3. Royal Bank Of Canada (RY.TO)
The Royal Bank of Canada (TSX:RY) is probably one of the most popular stocks here in Canada. The company is a global enterprise, with operations in Canada, the United States and 40 other countries.
The company has been named one of Canada’s most valuable brands for 5 years running, and its reputation is second to none in terms of customer satisfaction. With a market capitalization of nearly $140 billion, Royal Bank is one of the best blue chip stocks to add to your portfolio today. The company’s dividend is strong, with a yield of 4.03% and an 8 year dividend growth streak. Its dividend is growing at an impressive pace, with a 5 year growth rate of over 8%.
The Canadian banking industry is one of the strongest sectors in the country, if not the world. While banks around the world were slashing dividends and closing their doors during the 2008 financial crisis, all of the Canadian banks held strong. Although their share prices fell considerably, recovery was quick and their dividends were never cut.
You can’t go wrong with any of the Big 5 banks here in Canada. I’d label them all as excellent Canadian blue chip stocks. However, I believe RBC to be best in class.
2. Toronto Dominion Bank (TSX:TD)
Considering that Financials account for approximately 31% of the TSX, it is not surprising to see more than one of Canada’s Big Banks make the list of the top Blue-Chip companies in the country. Over the past decade, the best performer of the Big Banks has been Toronto-Dominion Bank (TSX:TD).
The company’s diversification south of the border has enabled it to post the highest rates of returns in the sector. Strong U.S. operations is also why analysts expect Toronto-Dominion to also post the highest average earnings growth rates (+7%) over the next five years.

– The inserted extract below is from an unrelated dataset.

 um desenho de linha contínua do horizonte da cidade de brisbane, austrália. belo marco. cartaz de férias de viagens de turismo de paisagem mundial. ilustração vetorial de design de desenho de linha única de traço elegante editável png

Not only as TD been the best bank for growth, it has also become the best dividend growth stock among its peers. Over the past five-years it has grown dividends by an average of 10% annually, tops among the Big Five. It also has the lowest payout ratio of the group as compared to next year’s earnings (41.9%). As such, TD Bank is likely to maintain a higher than average dividend growth rate.
Worried about a recession? Toronto-Dominion has historically been a more conservative lender. It is focused on less volatile businesses and as such, is better prepared to withstand an economic downturn. It is one of the best-run banks and has one of the highest credit ratings among Canada’s banks. It is therefore not surprising, that the company has always commanded a premium valuation as compared to its peers.
1. Fortis (FTS.TO)
You won’t find a blue chip stock list that doesn’t contain Fortis (TSX:FTS). And if you do, you should maybe find another list. The Canadian utility company is among the top 15 in North America, and has over 10 utility operations under its belt in Canada, the United States and the Caribbean.

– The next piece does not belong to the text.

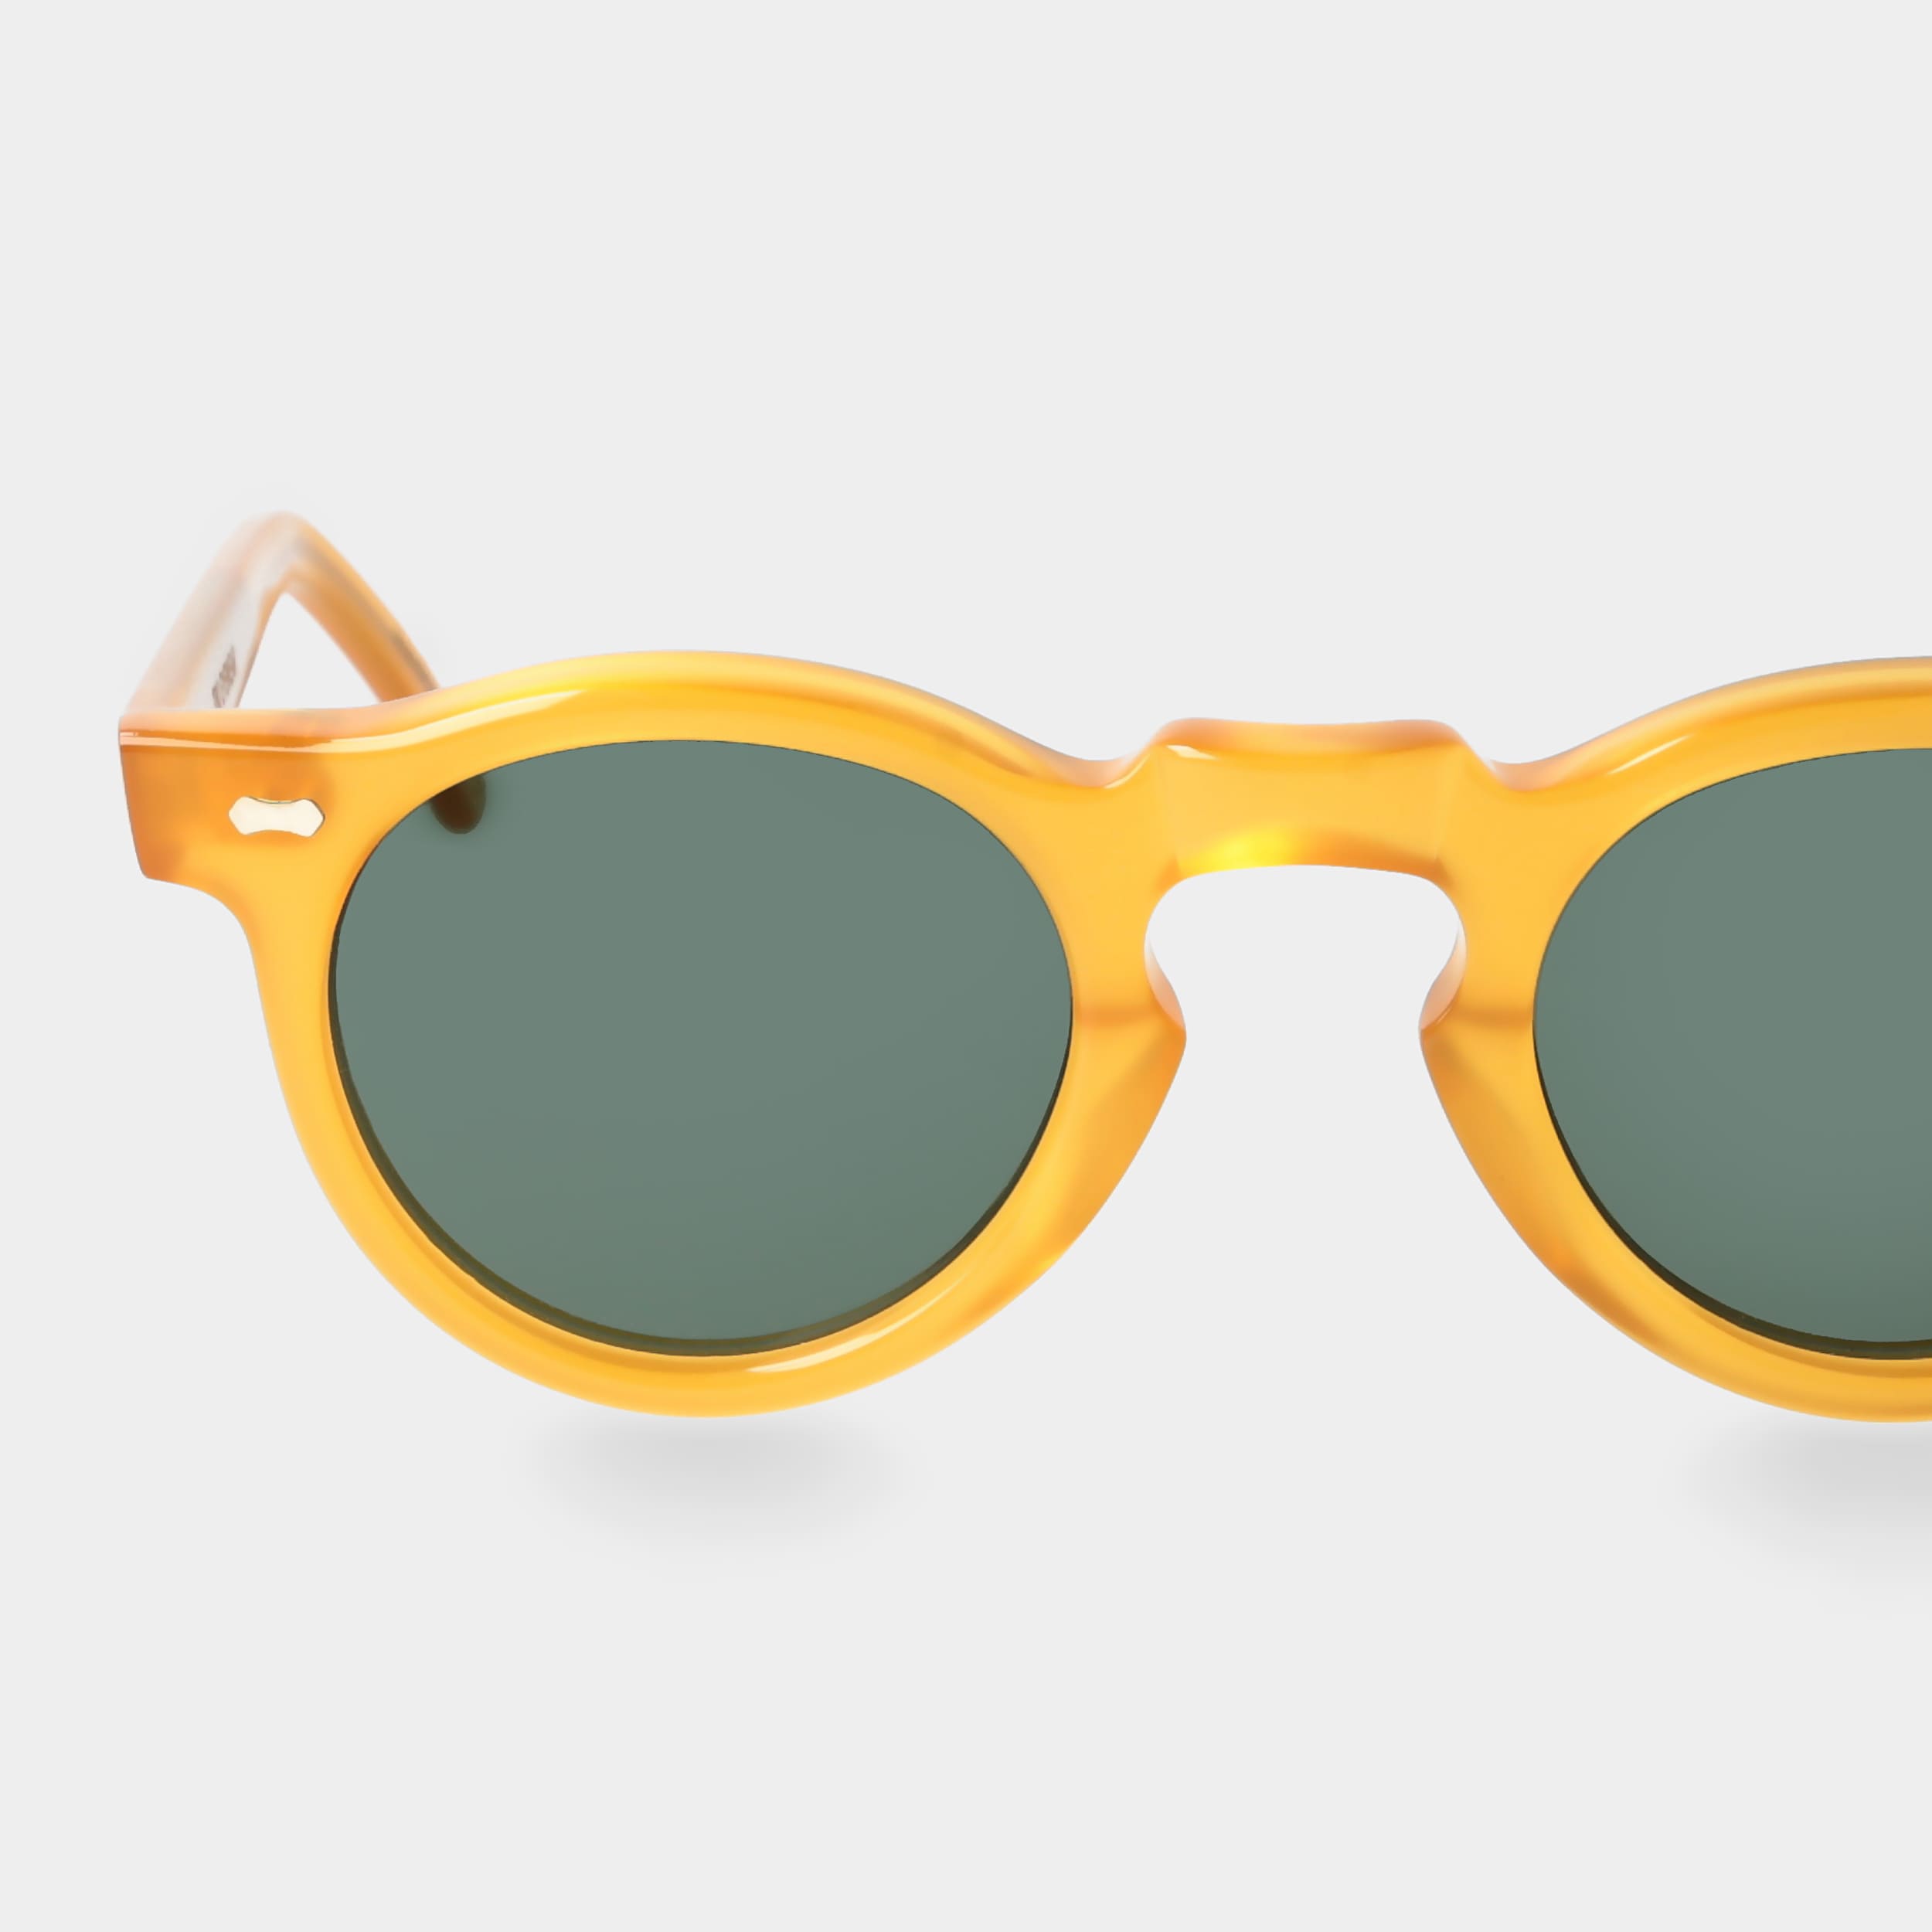 Eyewear Gläsern: Welt TBD mit Gelbe Sonnenbrille grünen |

The utility industry is highly regulated, which often leads to consistent cash flows. As the population keeps growing, energy demands will grow right along with it and utility companies are positioned to profit.
Fortis has the second longest dividend growth streak in the country at 45 years. This has cemented the company as one of the best investments in Canada and definitely worthy of its blue-chip title. Yielding 3.27%, the company has grown dividends at a 5 year rate of 6% with a payout ratio of only 48%.

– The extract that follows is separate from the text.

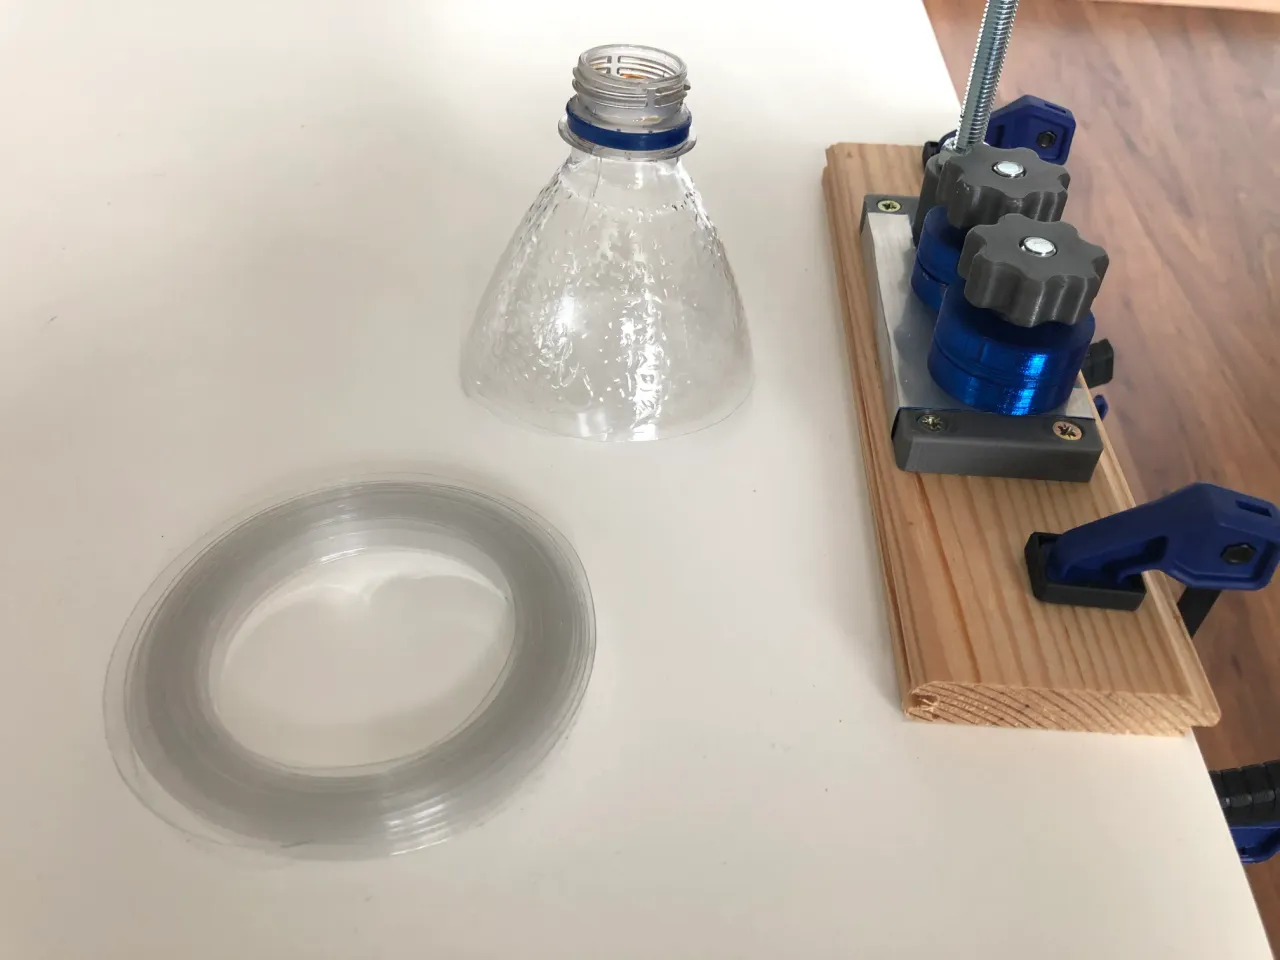 Simple PET Bottle Cutter by mirabatek

Utility companies rely heavily on debt to finance capital investments. As such, these companies are prone to setbacks when interest rates rise. This is something you need to keep an eye on if you’re looking to invest in a Canadian blue chip stock like Fortis.
However, rising interest rates seemed to have no negative consequences for the utility giants stock price over the last couple of years. In fact, since October of 2018, the stocks price has increased 32.4%. Add a lucrative dividend to the mix, and you have a stock that is as close to a set and forget investment as you can get.